Aim: To find out and compare the levels of stress, cognition, BMI, and lung function in exercising and non exercising medical students.

Materials and Methods: This cross-sectional study was conducted at the Department of Physiology, JSS Medical College, Constituent College of JSSAHER, Mysuru, Karnataka, India over a span of two months from February 2021 to April 2021. It included 110 participants categorised into an exercising group and a non exercising group. Stress and cognition were measured using the Perceived Stress Scale 10 (PSS-10) and the Modified Mini-mental State Examination (3MS), respectively. The BMI was calculated using Quetelet’s index. Pulmonary function was measured using a computerised spirometer. Associations were determined using a Student’s t-test, with p<0.05 considered significant.
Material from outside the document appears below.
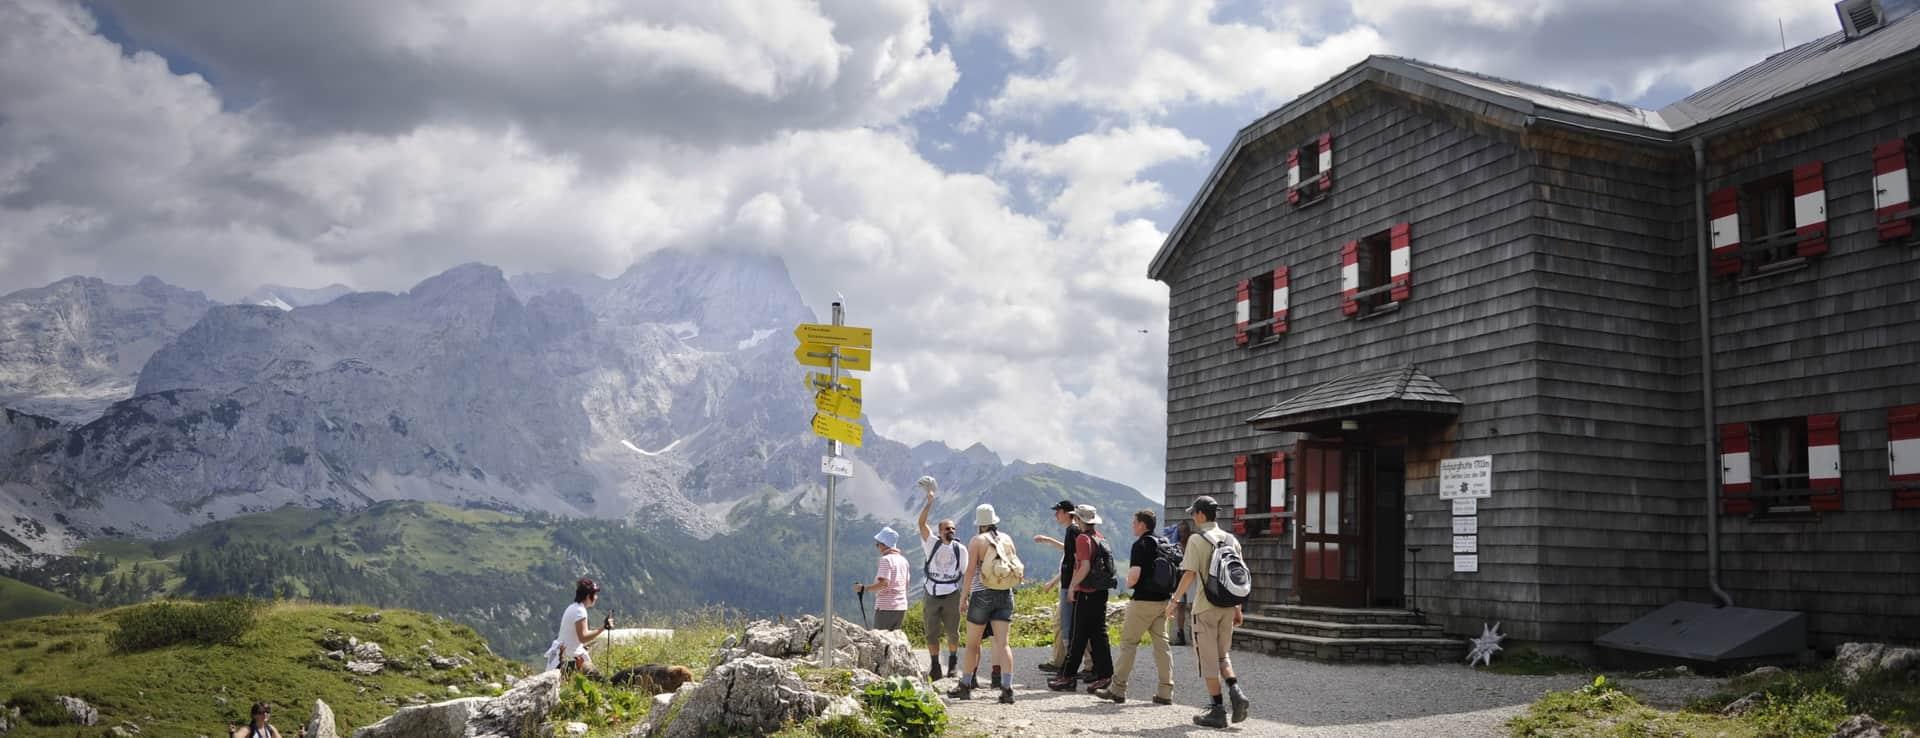 Hofpürglhütte Österrike
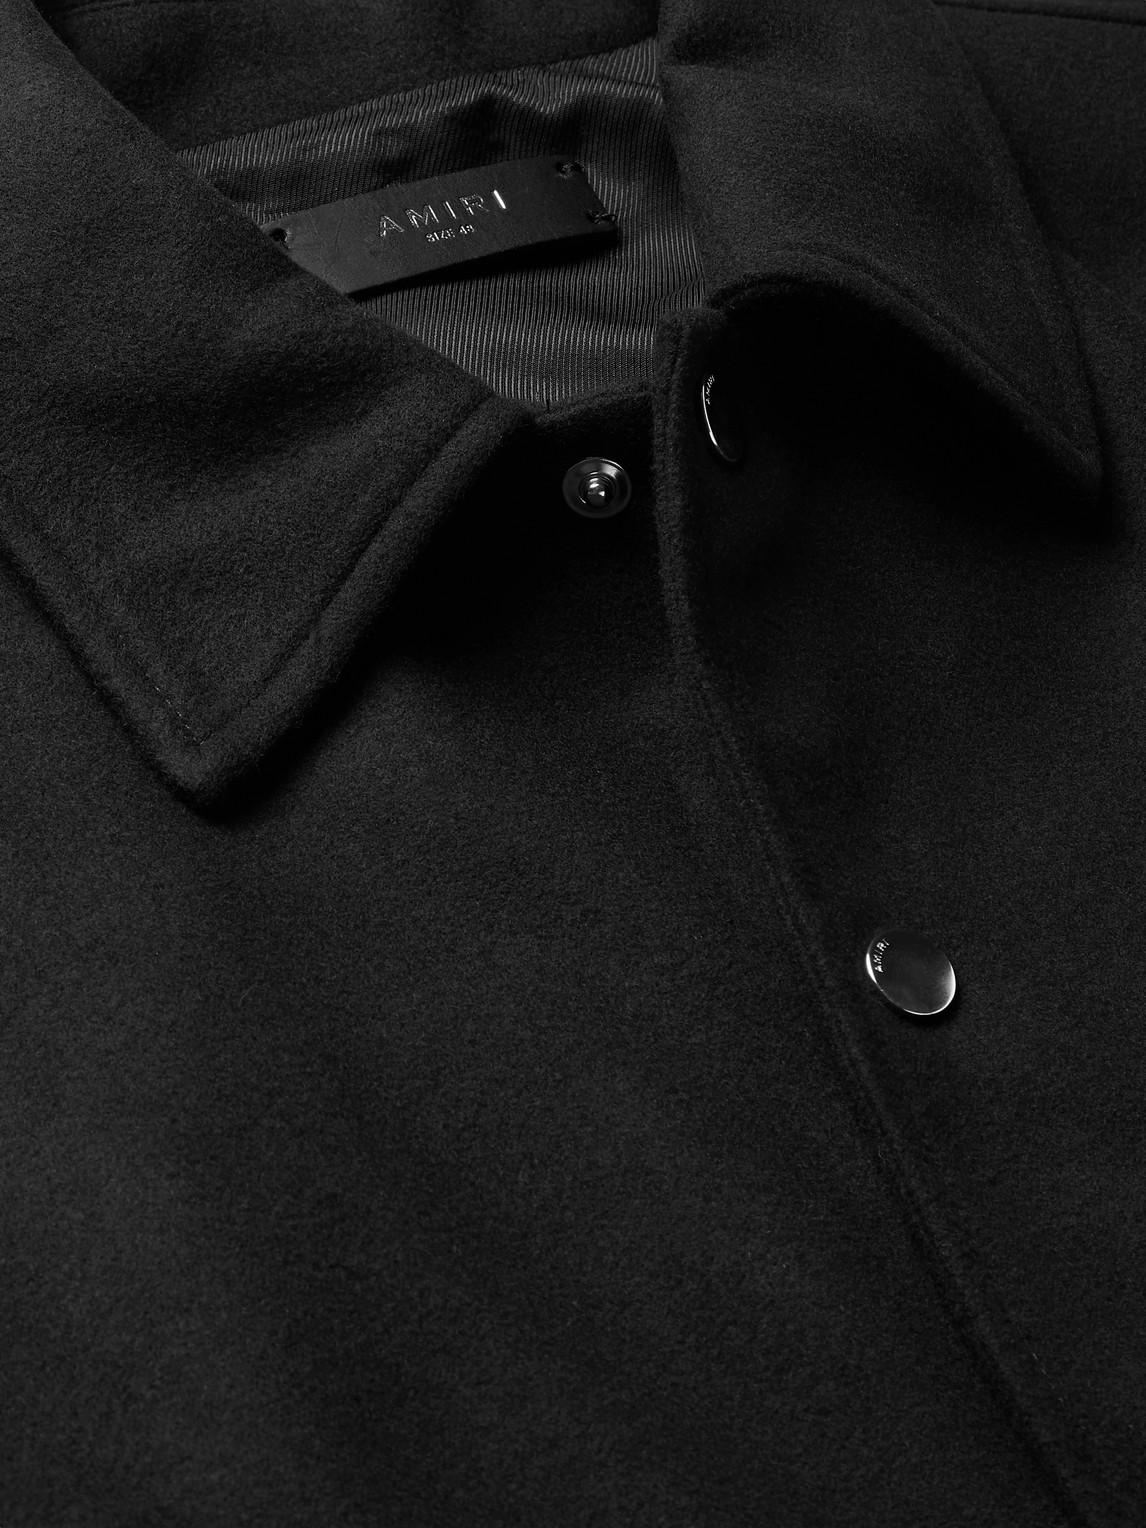 AMIRI Bomber jackets LOGO-EMBROIDERED APPLIQUÉD FLEECE BOMBER JACKET

Results: The mean PSS-10 score for exercising students (11.36±3.67) was significantly lower compared to non exercising students (20.71±4.61). The 3MS score of exercisers (97.33±1.73) was significantly higher compared to non-exercisers (94.02±1.40). The mean values of pulmonary functions namely Forced Expiratory Volume 1 (FEV1) (3.43±0.71 L), Forced Vital Capacity (FVC) (3.88±0.76 L), and FEV1/FVC (87.94±2.73%) in exercisers, were significantly better than the values for non-exercisers: FEV1 (3.00±0.67 L), FVC (3.48±0.71 L), and FEV1/FVC (85.86±2.75%). The mean BMI of exercisers (21.45±1.43 kg/m²) was significantly lower than that of non-exercisers (23.03±1.35 kg/m²).

Conclusion: Participants who exercise regularly have better cognition, lower stress levels, a healthier BMI, and better lung function than their non exercising counterparts.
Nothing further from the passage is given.